I was born and raised just up the street on the mean streets of Coralville, Iowa.
Grew up in the 80s and 90s here and went and played college football here in the early 2000s and a lot of great memories of the Hamburg Inn.
[Kohlsdorf] After his career at Kinnick, Nate Kaeding was drafted by the NFL's San Diego Chargers.
He would spend nine seasons with the team, becoming one of the most accurate kickers in the NFL.
But eventually this Hawk flew home.
In 2023, the Hamburg Inn became the third restaurant venture for Keating's current team, Gold Cap Hospitality.
[Nate Kaeding] We got a great reaction.
I mean, this has been such a beloved place.
I think people generally were excited, but that we also felt a fair amount of pressure.

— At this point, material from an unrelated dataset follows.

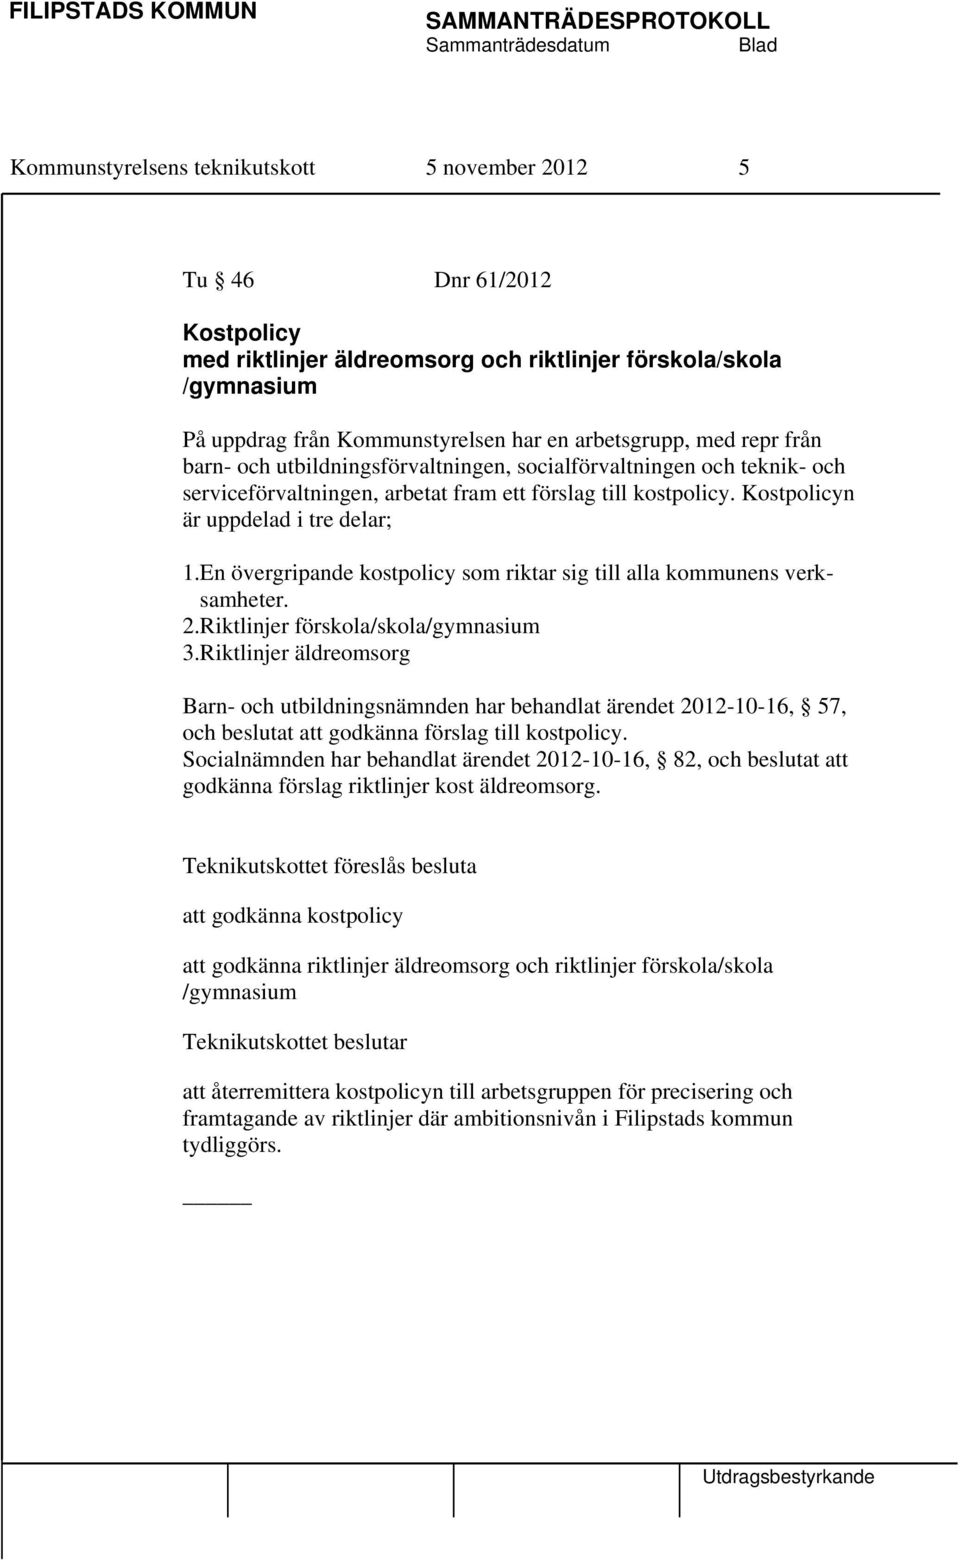 En övergripande kostpolicy som riktar sig till alla kommunens verksamheter. 2.Riktlinjer förskola/skola/gymnasium 3.

We worked with Dave Panther, the old owner, as well as looking at a bunch of old photographs and trying to find a real tasteful way to kind of bring it back to life, lighten things up, put some new light fixtures, some wallpaper, kept the cool memorabilia and the photographs from people visiting here.
Dave Panther, the previous owner, founder, his founding family of the Hamburg Inn, was really a genius marketer and knew in the early 2000s, late 90s that Iowa had this really special place first and first in the country for the caucuses.
All the candidates coming to town with them come local and national media.
There's no better way as a business owner than have a bunch of cameras show up.
He came up with this coffee bean caucus idea, which is you put a big jar of coffee beans, you come in, you've got all the candidates, their own little mason jar, and you take the coffee bean, put it in the jar, and you get to place your kind of straw vote, right?
[Kohlsdorf] The Hamburg Inn's iconic political status was verified when it was featured in an episode of NBC's The West Wing.
[LynNell Hancock] My family moved here in 1962, and we lived right around the corner from here.
My dad, on Saturday nights would order hamburgers by phone from Hamburg Inn No.
2, and then he'd say, Little Nell, let me time you so you can run back here and get them.
It feels like the old diner.
It's a little more lively than it used to be, but the floor is still the same, I think.
And the booths and the color, which is very retro and funky and just feels like home.